I’m always a future girl…you know me [laughs]. So yeah, we have a pretty set business plan as far as what we wanna work on next. We’re really focusing on our online business. We’re building a new website now, which is exciting. Just figuring out how to communicate our brand digitally.

What will the new site look like?
The brand has such an amazing, full story. There’s a lot of elements: everything is limited-edition, we have a lot of one-of-a-kind pieces, we make everything ourselves in our own factory, and we’re super eco. A lot of our products have two to three hundred times less of an environmental impact than typical versions. Let’s just say our cotton t-shirt takes six gallons of water to make, where as a typical cotton t-shirt, like you have on, takes six hundred gallons. So how do you communicate that digitally?

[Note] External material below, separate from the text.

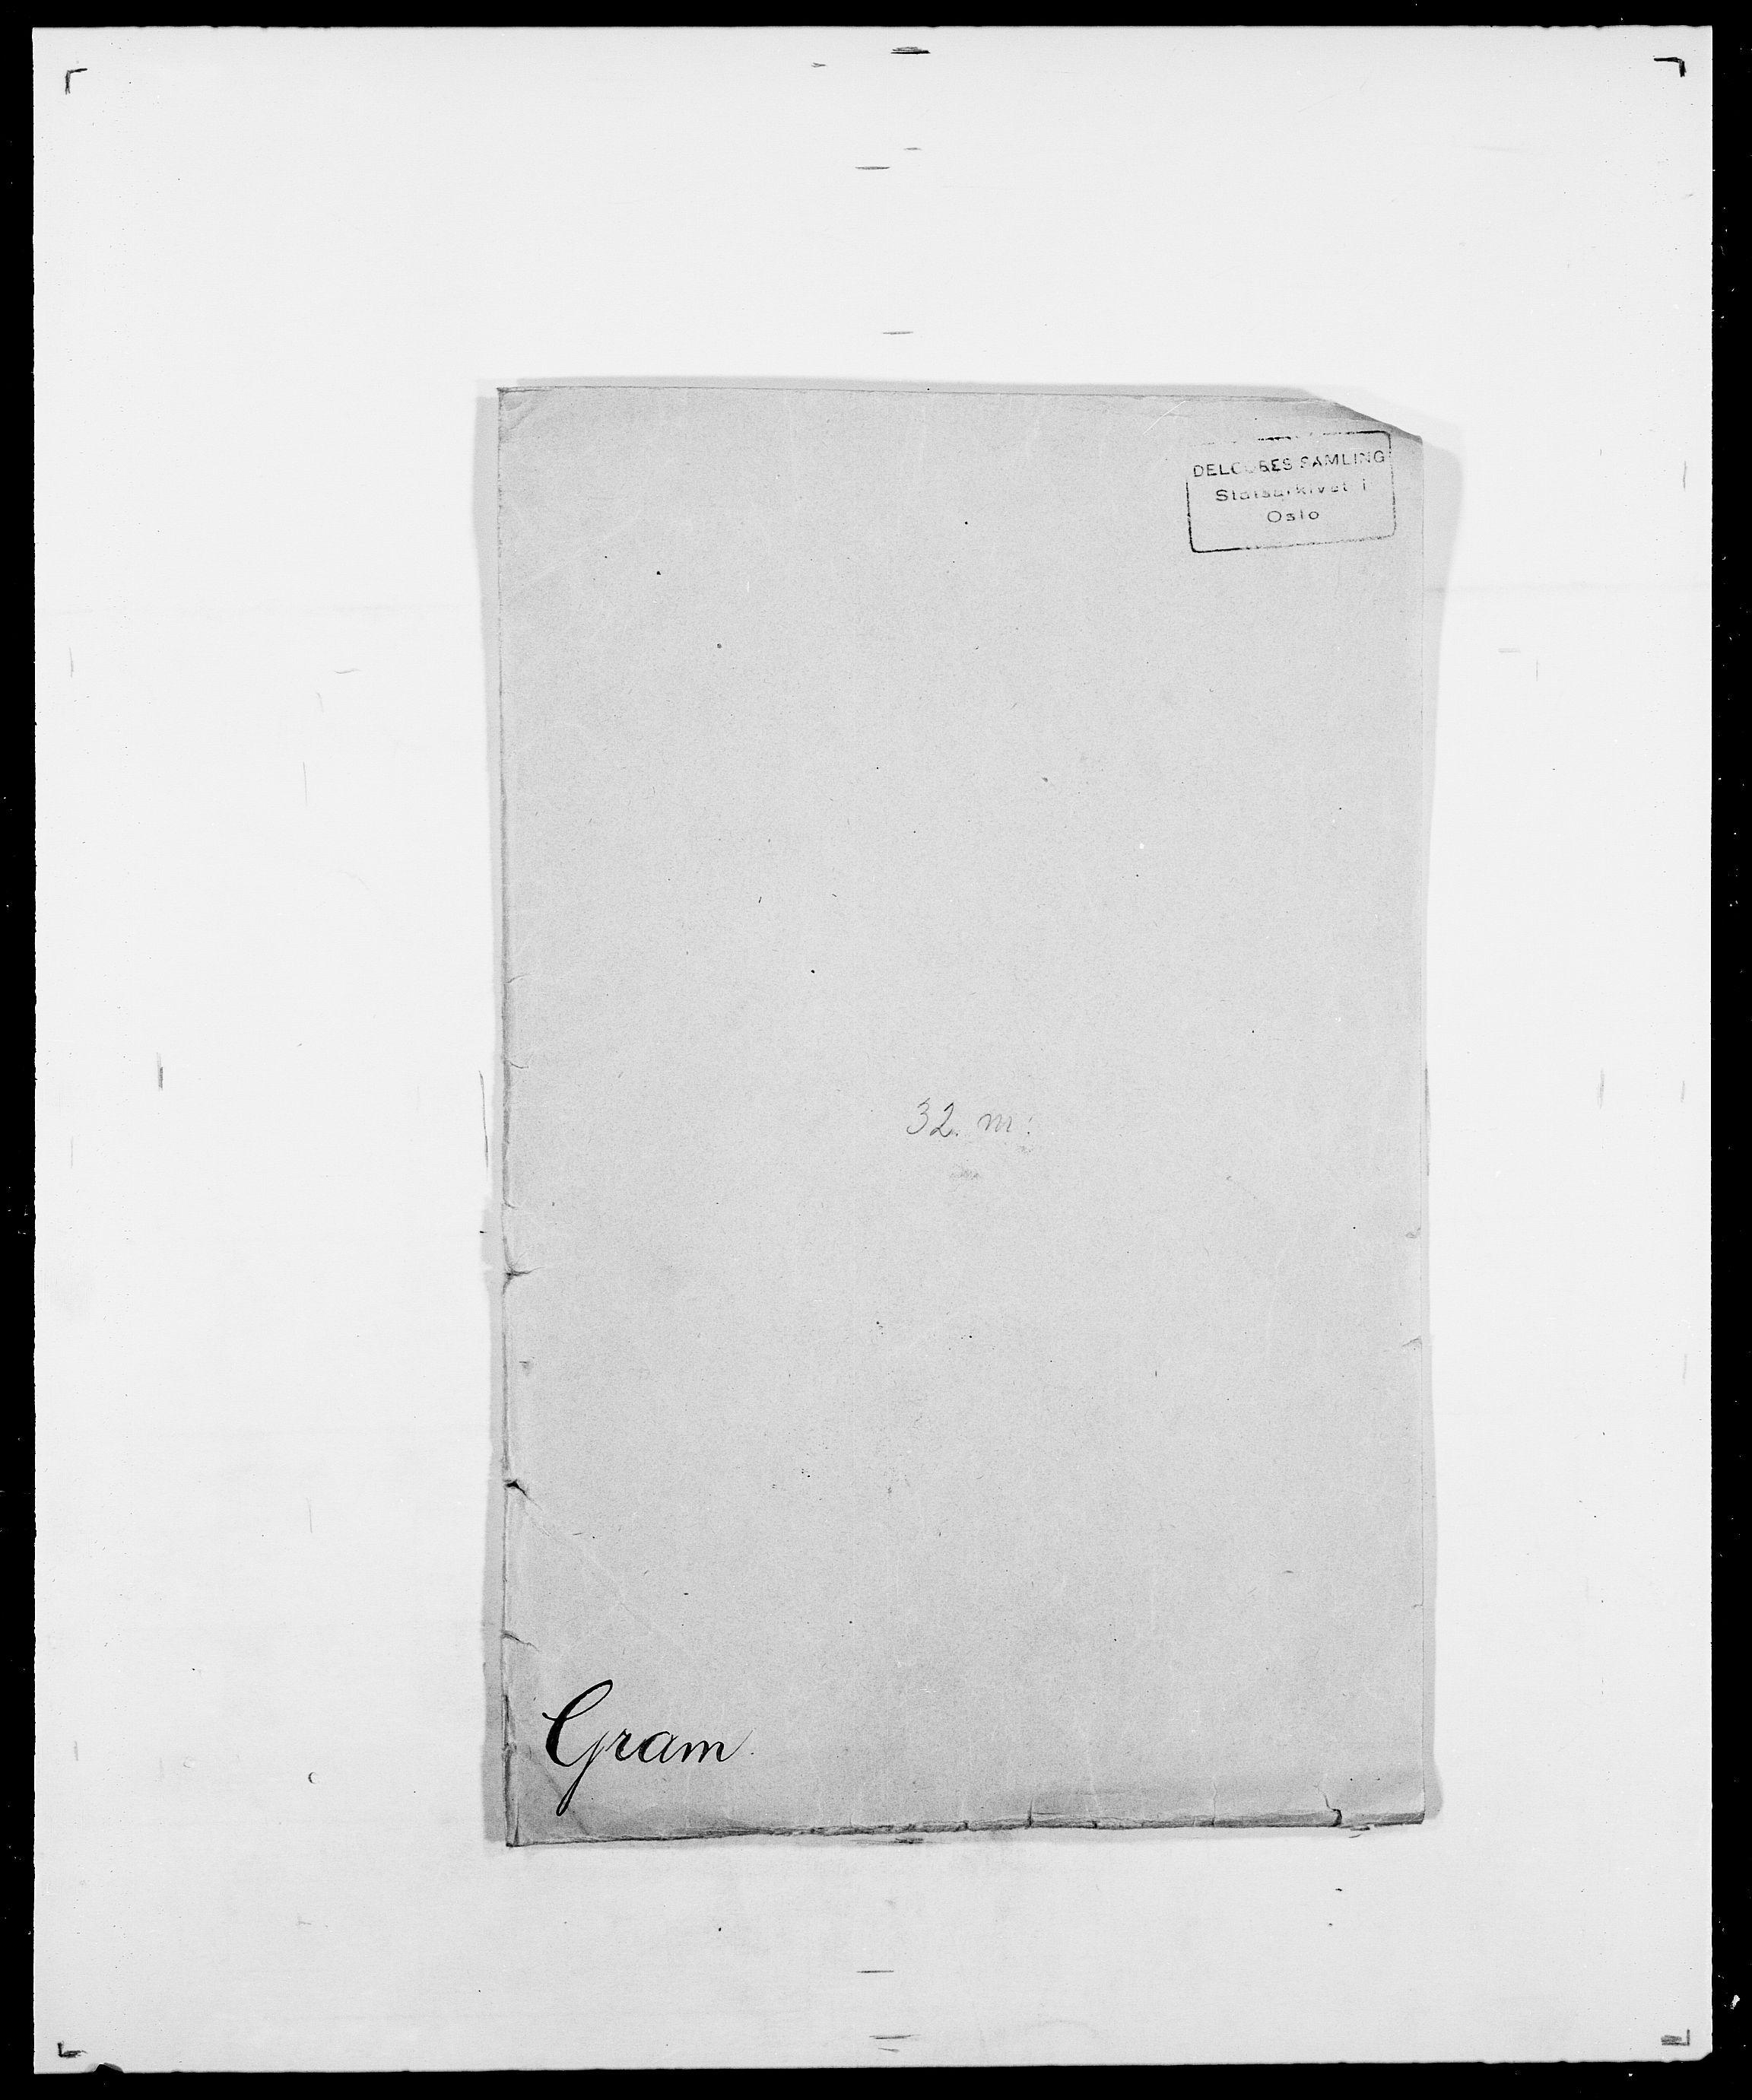 SAO, Delgobe, Charles Antoine - samling, D/Da/L0014: Giebdhausen - Grip, s. 470

Who says this is a typical cotton t-shirt?
[Laughs] I’m just guessing. It’s my level of expertise.

What’s one piece of practical advice you’d give an aspiring fashion designer?
I come into contact with a lot of young fashion designers, and I actually have two things to say to most of them. The first one is: if you don’t have a business mind, don’t start your own label [laughs].

And that’s what it is—a business.
Exactly. The second thing is, if you’re gonna work for somebody, try not be so emotional about your designs, because if you want to move up and actually get your designs out there, you have to understand that there are other things besides what you think is important: it has to make sense, and people have to like it, and it has to work. Taking feedback is something that designers as a whole can work on.